What is Endometriosis? Endometriosis is a disease where tissue similar (I will explain why this is so important in a moment) to the lining of the uterus grows outside of the uterus in other areas of the body. Endometriosis causes pelvic pain, heavy bleeding, and in some cases infertility. Endometriosis can remain active even during ovarian suppression and is believed by some specialists to actually produce it’s own estrogen.

So where does Endometriosis come from? No one truly knows, but there are theories.

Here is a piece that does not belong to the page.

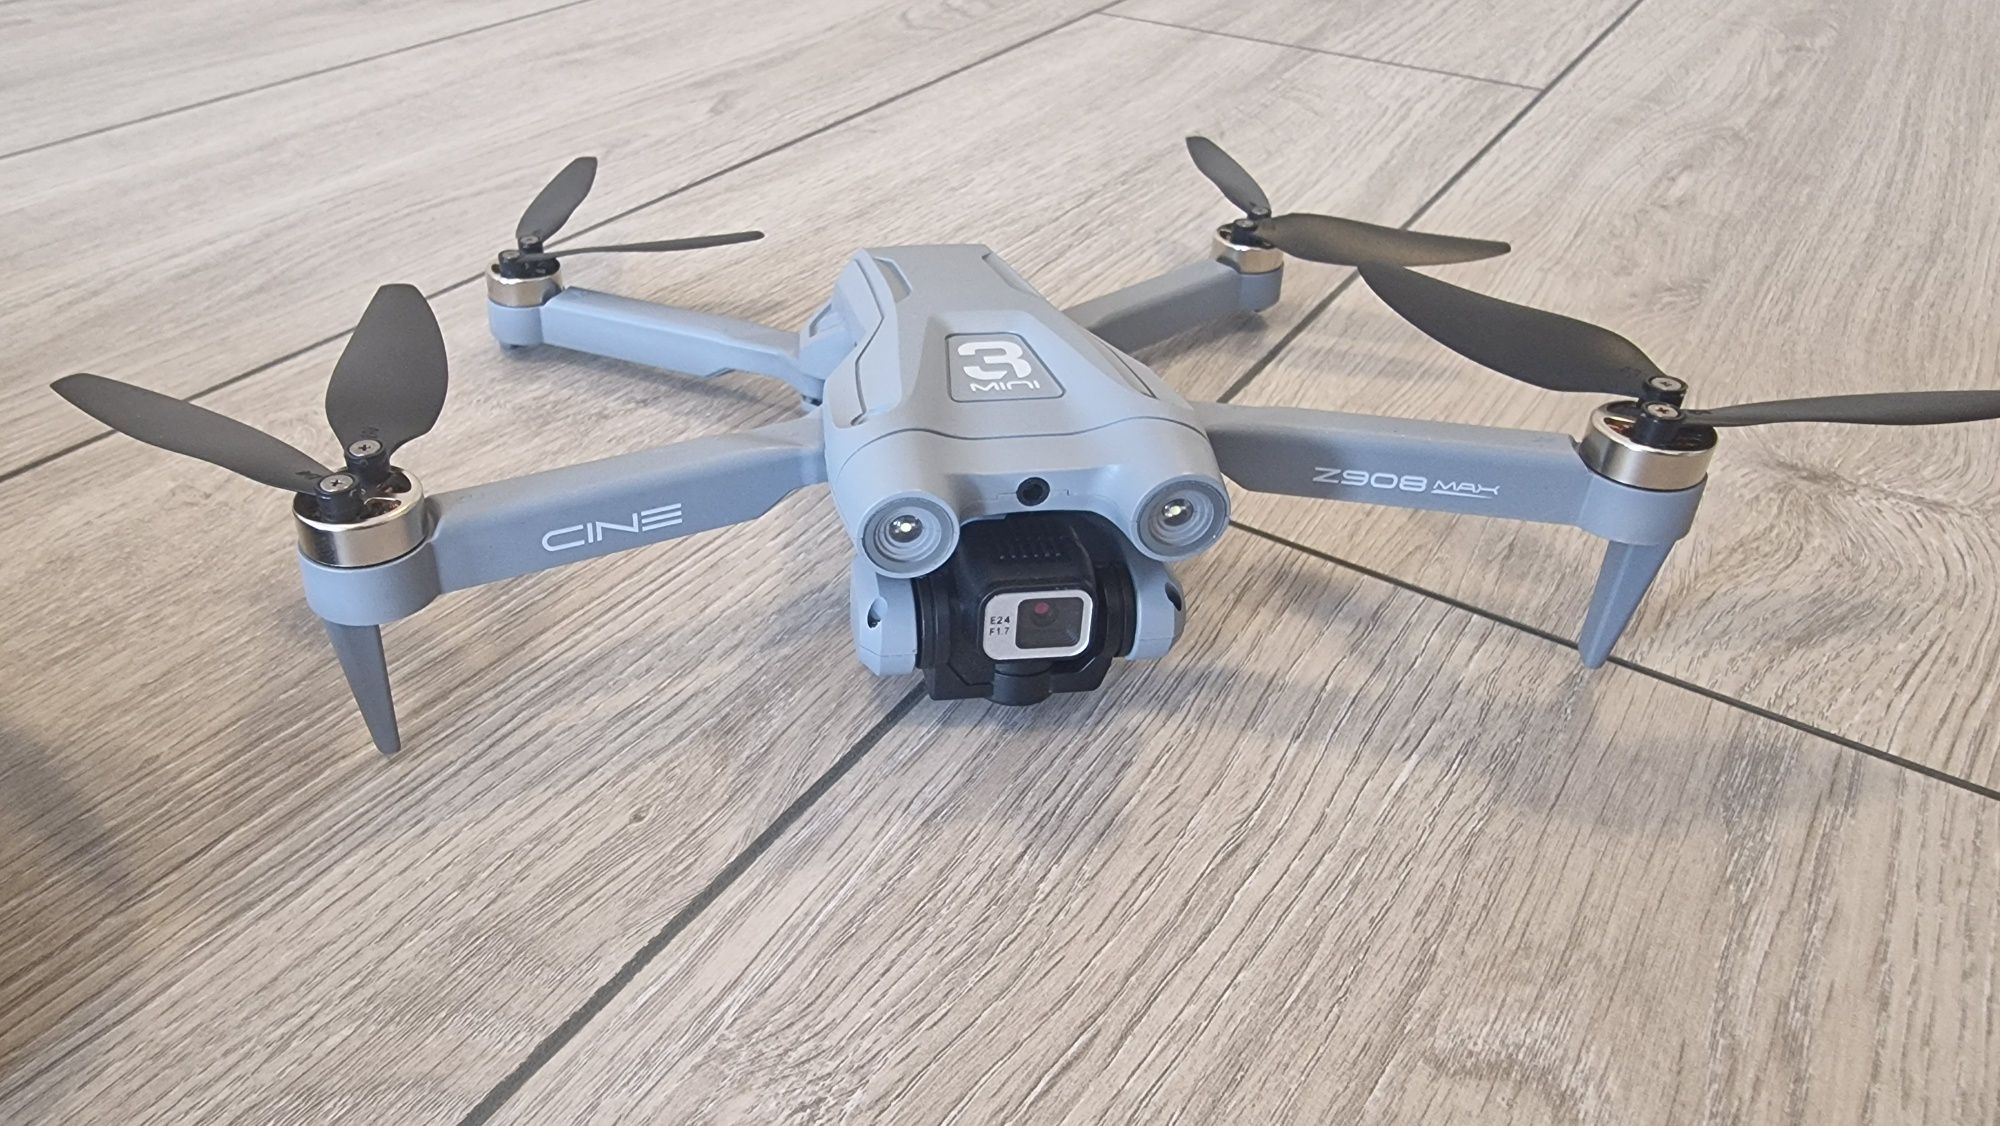 Drona 3 mini Cine Z908 MAX

This is why it is important that Endometriosis is classified as similar to the lining of the uterus and not the actual lining of the uterus. See, that would support Sampson’s theory of Endometriosis, also known as the Retrograde menstruation theory. If you aren’t familiar with that theory it states that “Endometriosis occurs through a process of endometrial tissue flowing back through the fallopian tubes during menstruation, entering the pelvic cavity and implanting and invading the surfaces of the pelvic structures.” This, however, has proven to be false as now they have found endometriosis in fetuses which would suggest that endo implants much earlier than menstruation even starts. This theory would also suggest that stopping someone’s period would not only stop the growth of Endometriosis but that a hysterectomy would cure them; which is an incorrect conclusion. Here’s a quote from Dr.Cook (an endometriosis specialist) “Retrograde menstruation, however, is a common phenomenon that occurs in 90% of women yet only 10% of women develop endometriosis and the refluxed material only contains minimal deposits of endometrial tissue. Furthermore, endometriosis consists of tissue that is similar but not identical to the native endometrium that lines the uterus.”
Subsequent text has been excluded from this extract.